- [Recorded information]

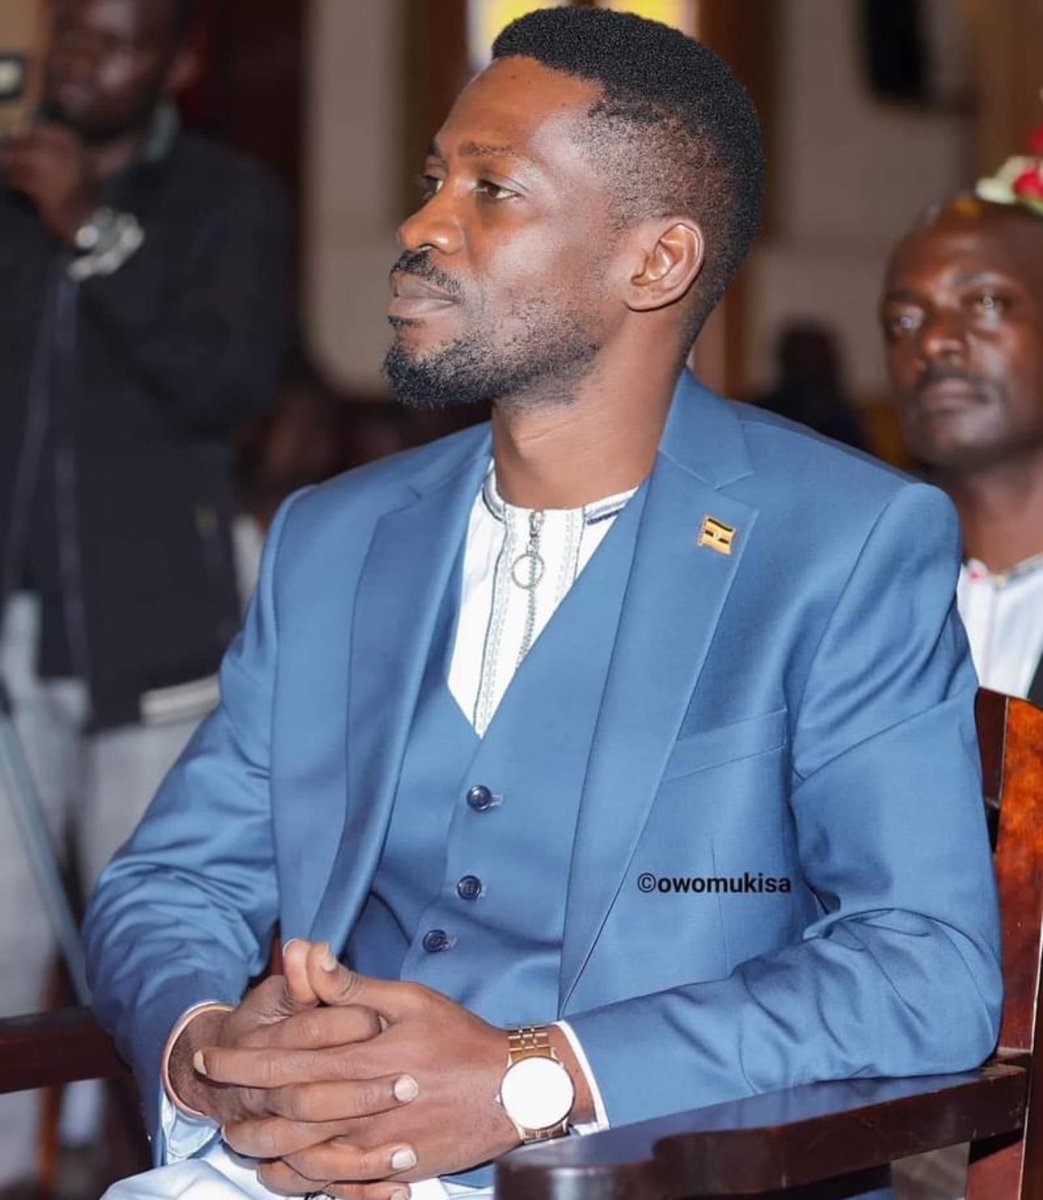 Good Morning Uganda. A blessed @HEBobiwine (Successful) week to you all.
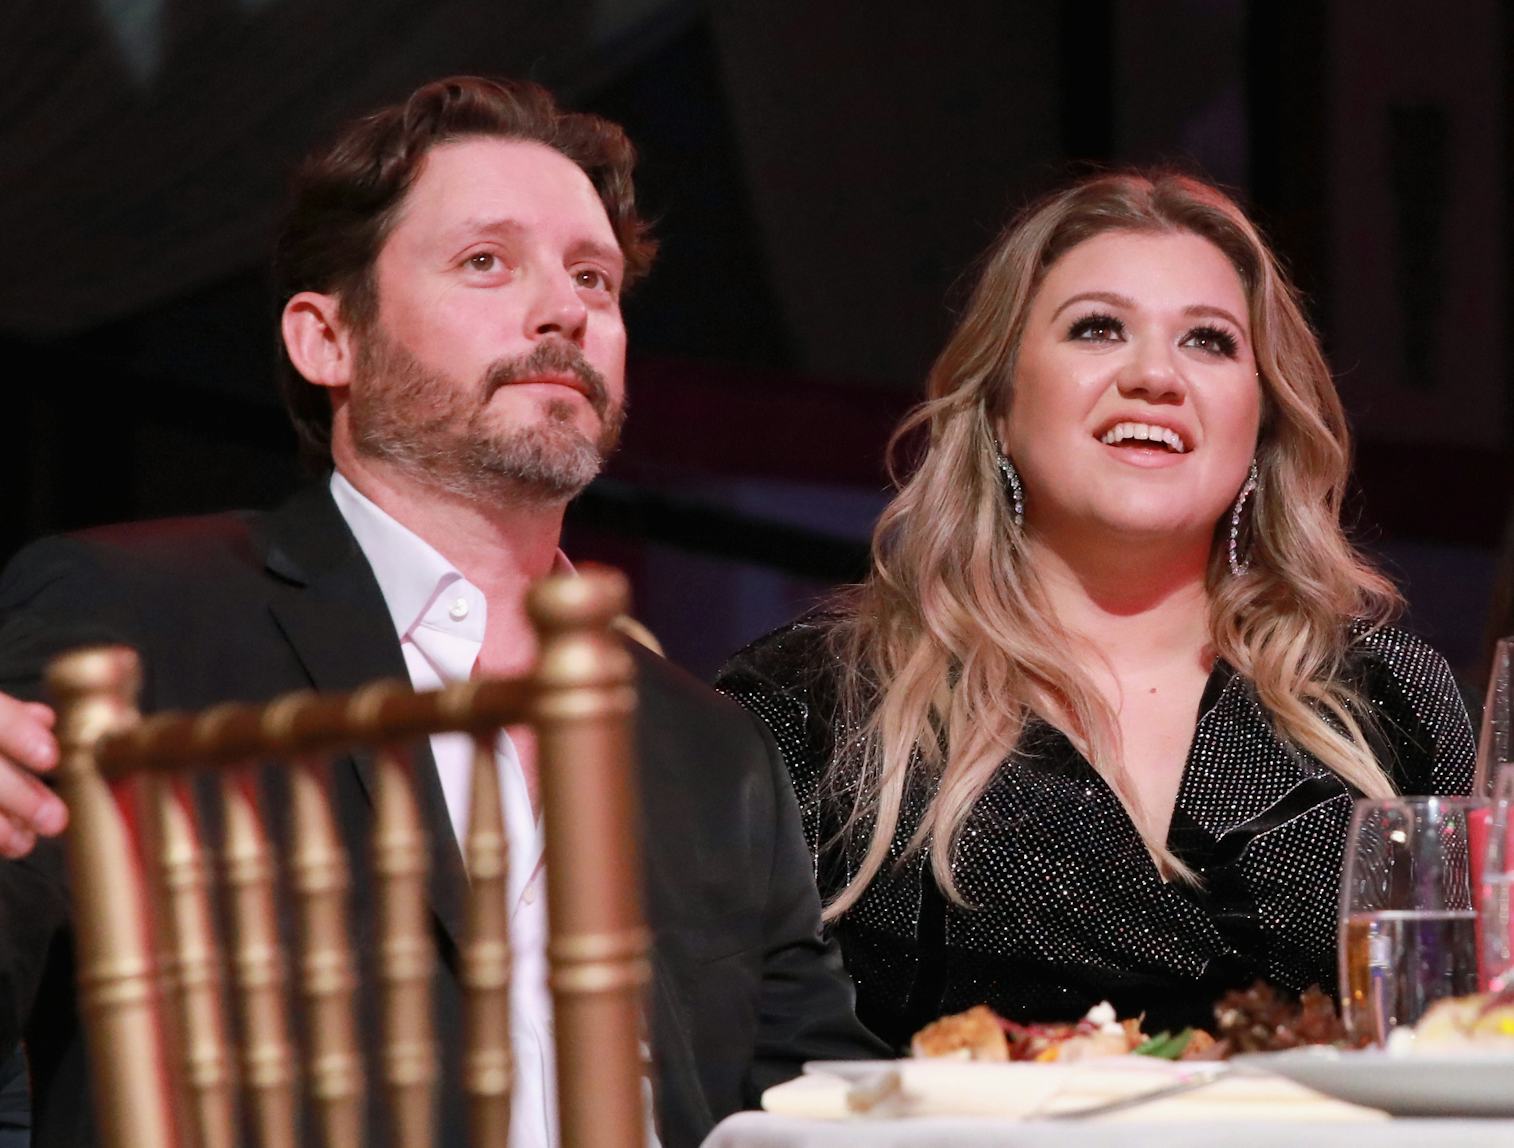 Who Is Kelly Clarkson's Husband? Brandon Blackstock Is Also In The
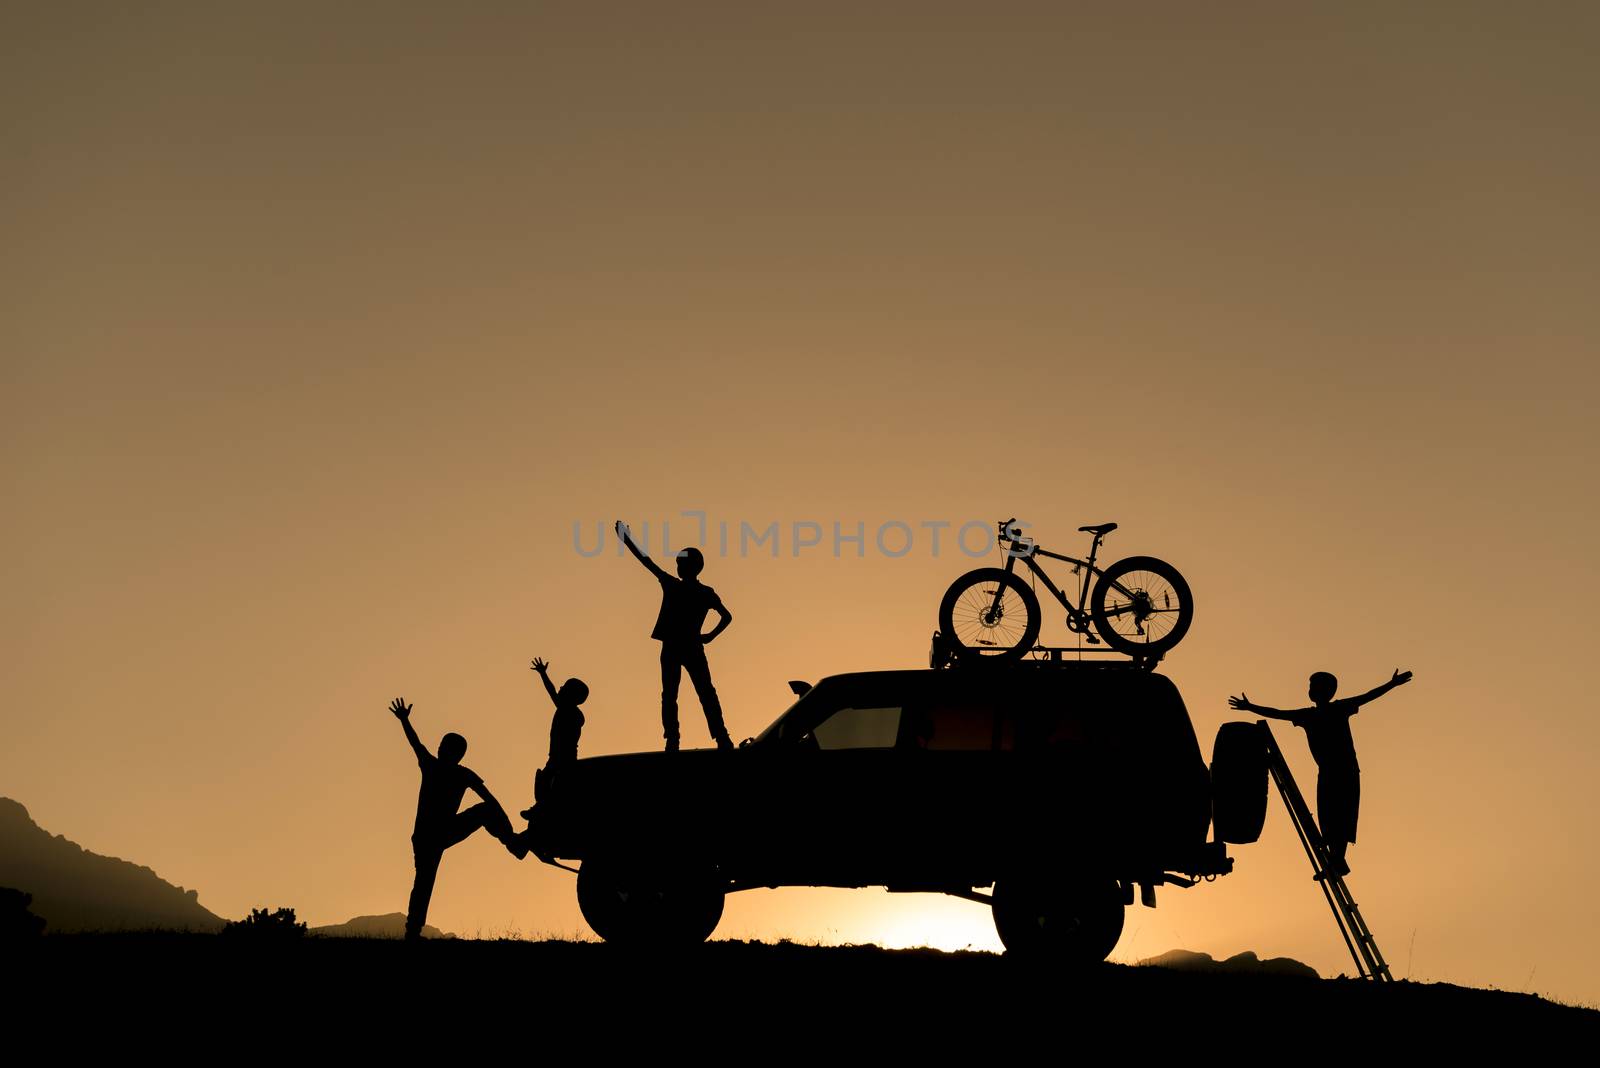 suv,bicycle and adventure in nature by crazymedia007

- [Task objective] Would you transcribe, exactly and only, the lines from the one that contains "Who Is Kelly" through the last line of the data above, without any pictures?

- [Answer space]
 Who Is Kelly Clarkson's Husband? Brandon Blackstock Is Also In The
 suv,bicycle and adventure in nature by crazymedia007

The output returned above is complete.